# Meet Louie (Finally Getting My Chi!)



## Pinkchi (Nov 21, 2008)

We met little Louie last night and what a darling he is! He is absolutly perfect!

As soon as we crouched down to say hello he jumped straight into my boyfriends lap :love1:

We stayed for an hour and a half just talking about him and cuddling/playing with him. He is such a loving boy!

To summerise his best points:

*Great with other dogs and other animals
*Great off lead and stays close
*He is neutured, micro-chipped and had his jabs
*Is very well behaved & doesn't bark so i'm told
*16mths old and 5 generation pedigree (forgot what his KC name is)
*weighs 3kg and has a white tip to his tail <3

I could just go on and on he is the bestest little boy!

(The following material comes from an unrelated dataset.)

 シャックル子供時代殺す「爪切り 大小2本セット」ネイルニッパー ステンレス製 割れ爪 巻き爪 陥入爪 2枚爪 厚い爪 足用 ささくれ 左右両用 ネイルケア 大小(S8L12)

I always thought I would get a female puppy and yet look now! Fallen totally head over heels for this little guy!

His owners are bringing him over wednesday to stay a few nights and see how he does. Then hopefully he will be staying her permanently very soon!

Here is my pretty boy. His pictures do not do him justice!


----------



## MakNLFi (Jun 8, 2010)

Awww!!!!!! He is a total doll! Congrats! I am sure Wednesday is going to seem like an eternity away!


----------



## YoQuiero (Apr 17, 2010)

Aww I love that last picture especially. Looks like he's a cuddler! Happy homecoming!


----------



## 18453 (Feb 6, 2010)

Congrats why is he being rehomed?? You must be so excited


----------



## FBRaRrN (May 1, 2006)

Aww he is so cute congrats


----------



## Brodysmom (Jan 8, 2009)

How did I miss this post?! 

Stephy!! He is WONDERFUL!! I am so happy for you! 

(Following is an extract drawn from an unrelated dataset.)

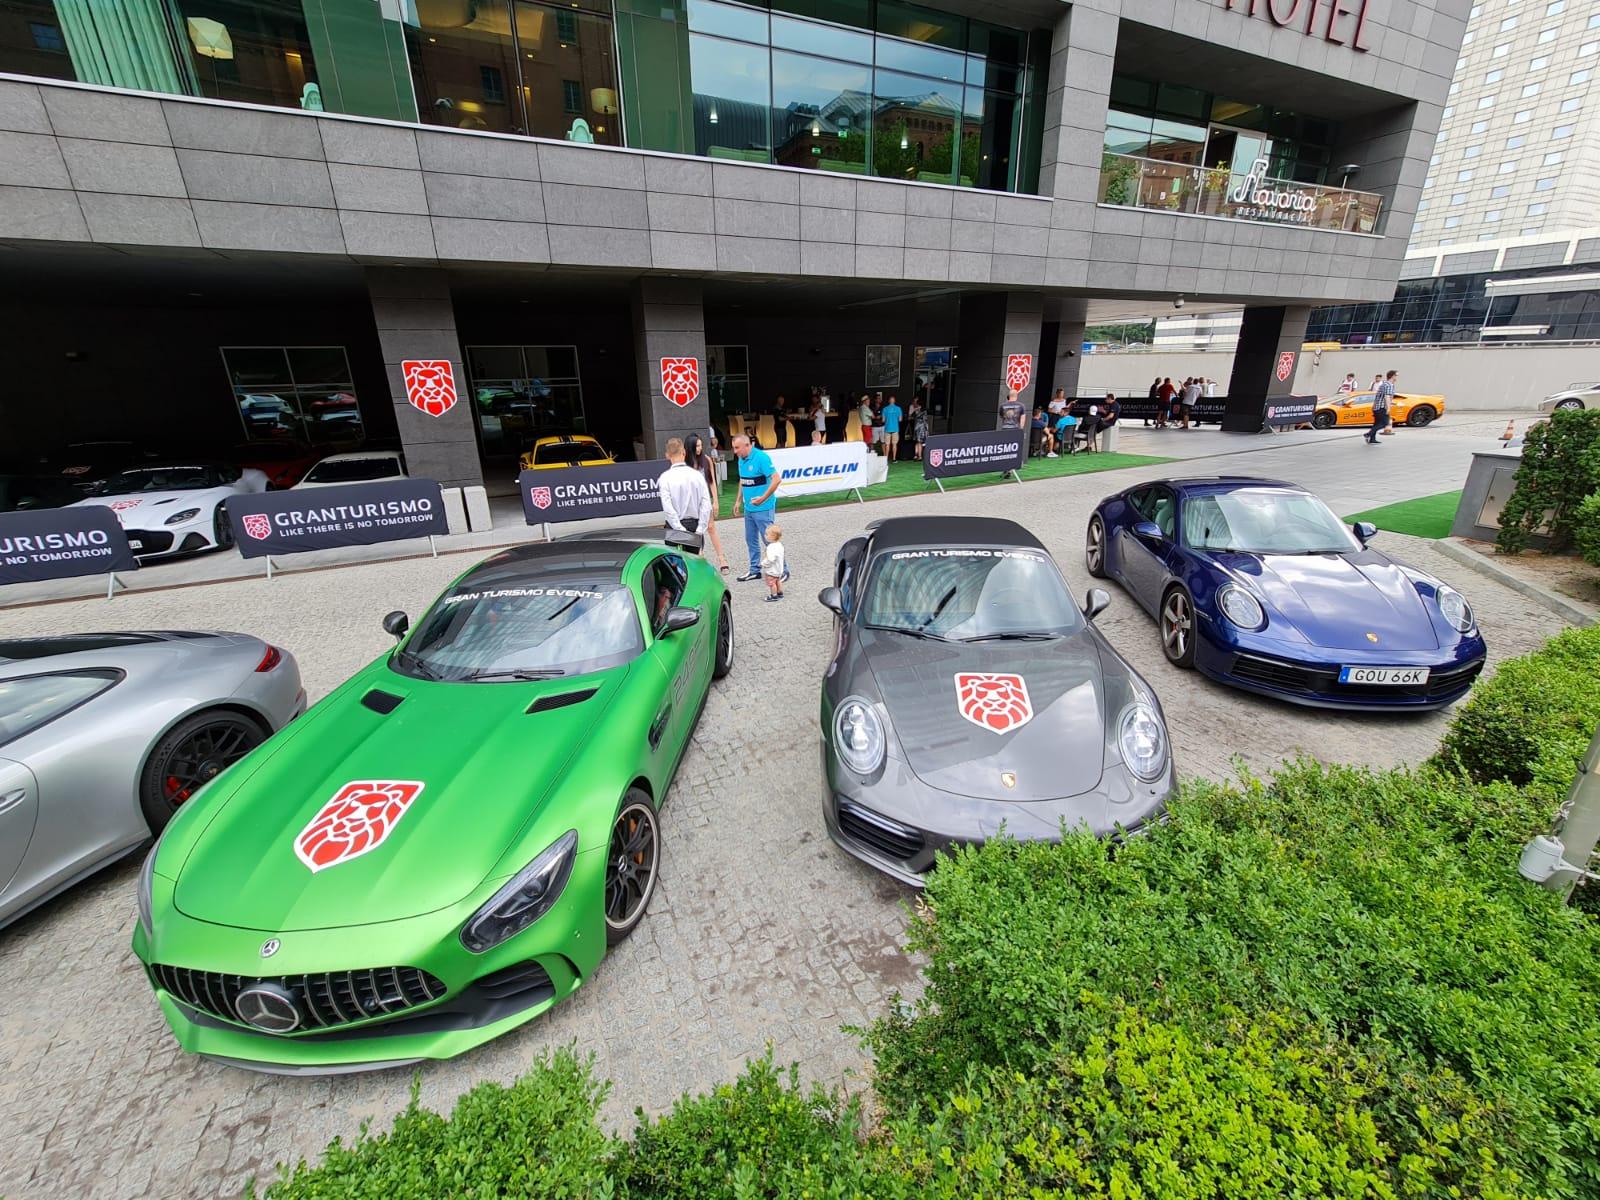 Wystartowała 17. edycja Gran Turismo Polonia. Piękne samochody przyjechały do Poznania

Do you still have your bunnies? Are you guys still living with your BF parents? I know.... so many questions! I don't think anyone has been as patient waiting for a chi as you have. I am just beyond thrilled for you!

I am so happy that you are finally getting your chi!! But.... it's not a girl! And you have all that wonderful girl stuff!  You will have to have a huge sale on here and make some $$ and then go get some darling boy things! 

He reminds me alot of Terri's Daisy. I think he's gorgeous. 

Will you keep his name Louie?


----------



## lyndsey (Aug 10, 2010)

awwww he is so cute....


----------



## Pinkchi (Nov 21, 2008)

MakNLFi said:


> Awww!!!!!! He is a total doll! Congrats! I am sure Wednesday is going to seem like an eternity away!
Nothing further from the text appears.